From founders' vision to global voice: a century of publishing for 'the rational exploitation of the sea'
Helen will describe the historical context for the ICES journal centenary, reflecting on the central importance of communicating science to support “the rational exploitation of the sea," the founding language used for what we now call sustainable “management."
ICES original publication, Rapports et process-verbaux des reunions (RPV), shared the results of scientific studies and printed meeting minutes. Scientific journals took their present form in the 19th century, when peer review emerged. Thus, when ICES founders began advocating for international cooperation in marine sciences, they had clear expectations for appropriate science communication.
ICES began in 1902 as a five-year agreement to collaborate on marine science. Previous to ICES, scientific results by its future experts appeared in reports published by national hydrographic or fisheries institutions – that is, what we call “grey literature." Before ICES, much marine science was published in English but early ICES publications were also printed in the diplomatic language, French. The choice of RPV reflected assumptions about the importance of making scientific knowledge available promptly in print, but it equally made sense for an institution based on short-term intergovernmental agreements. ICES also created other specialized publications, including fisheries statistics and for the Central Laboratory where standard seawater was created.
During its first quarter century, debates rocked ICES regularly, including political challenges of enticing nations to join or remain. Debates that shaped its publications included tussles over a focus on pure science versus on fisheries as well as power struggles over conducting work on regional or larger scales. World War I severely challenged ICES, but membership and geographic scope expanded in the 1920s with wartime recovery and in response to increased confidence in science. Approaching the Jubilee of 1927, ICES leaders confirmed the founders' vision that science could, and should, serve societal purposes, and instituted organizational changes that centrally involved science governance and communication to enact this vision. These included creation of the Journal du Conseil in 1926 (today's ICES Journal), with scientific leadership by the new Consultative Committee, created to provide scientific advice to parallel the political concerns of official governmental Delegates.

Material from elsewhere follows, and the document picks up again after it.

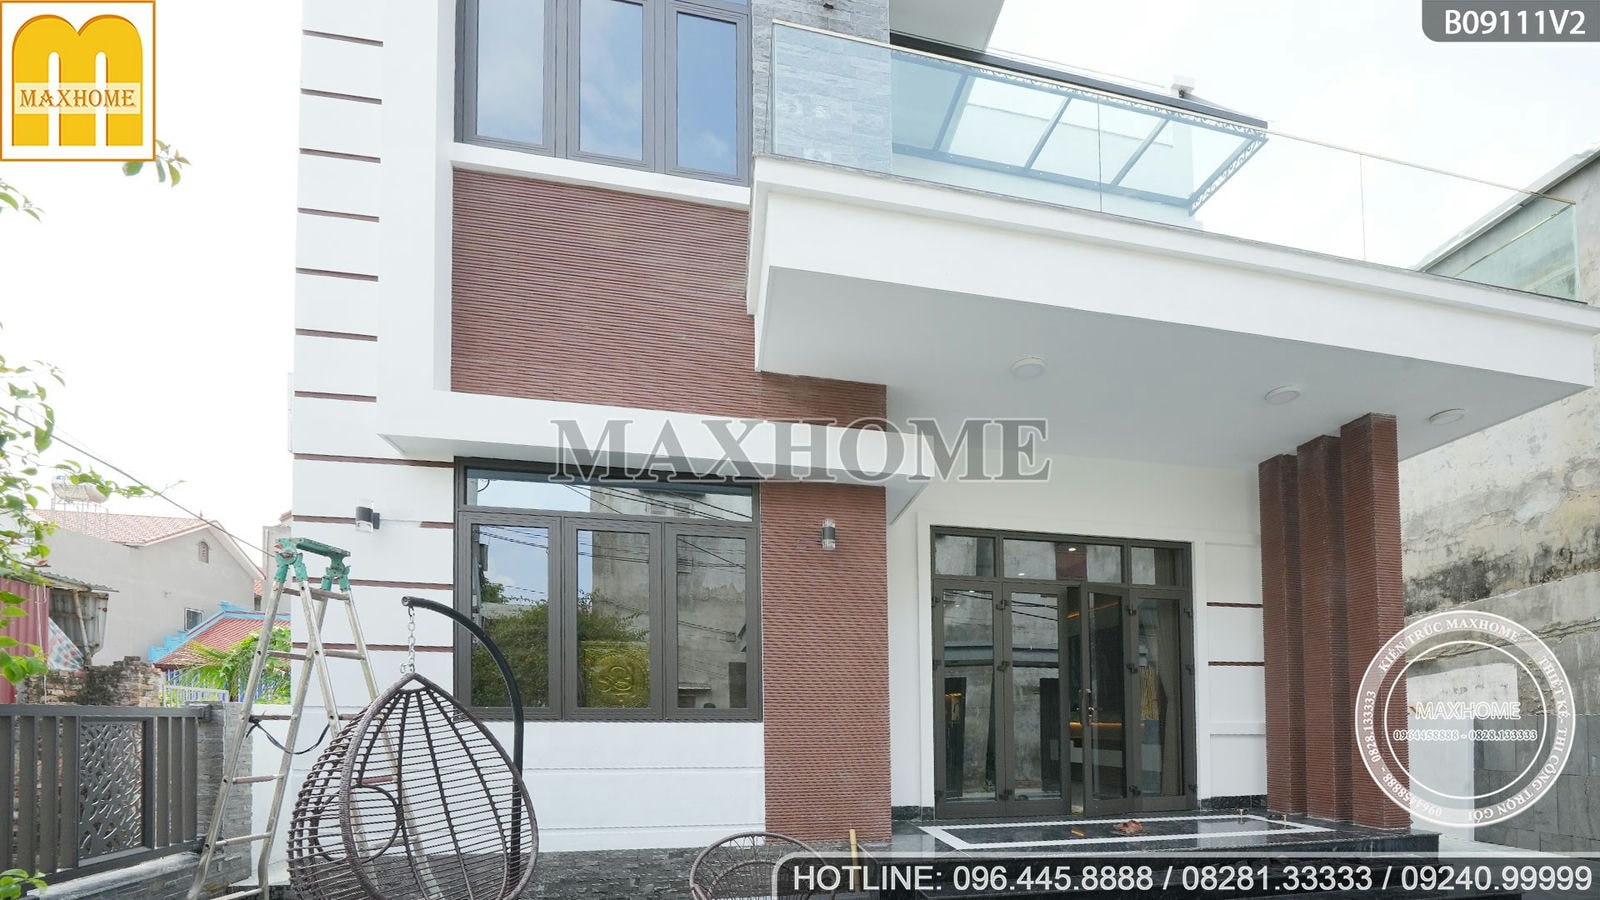 Maxhome thi công trọn gói nhà hiện đại mái bằng siêu đẹp, rẻ | MH01430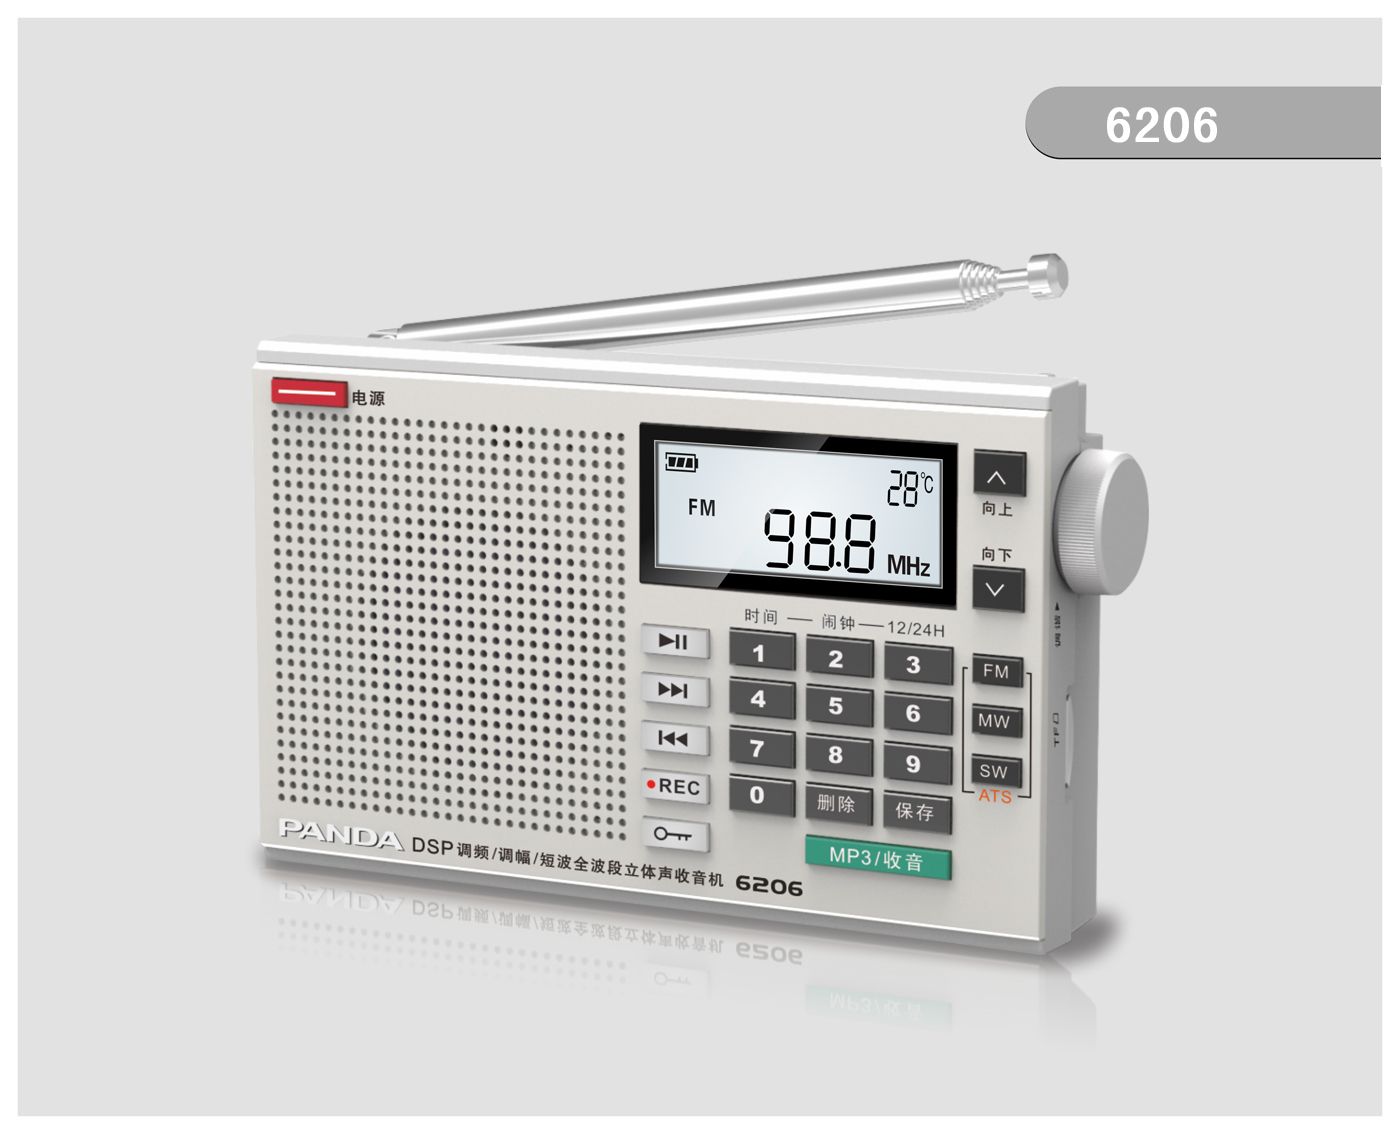 6206 DSP全波段数码收音机

Between 1926 and now, the journal transformed from an in-house organ focusing on fisheries science in the northeast Atlantic to a broad topical scope, highly-respected global publication, especially following changes in the 1990s: adopting the present title (ICES Journal of Marine Sciences), switching to a prestige university press publisher, and shifting from publishing symposia results in RPV to rigorously peer-reviewed special issues of the journal. ICES commitment to communicating science to serve societal needs connects its founding publications with today's Journal.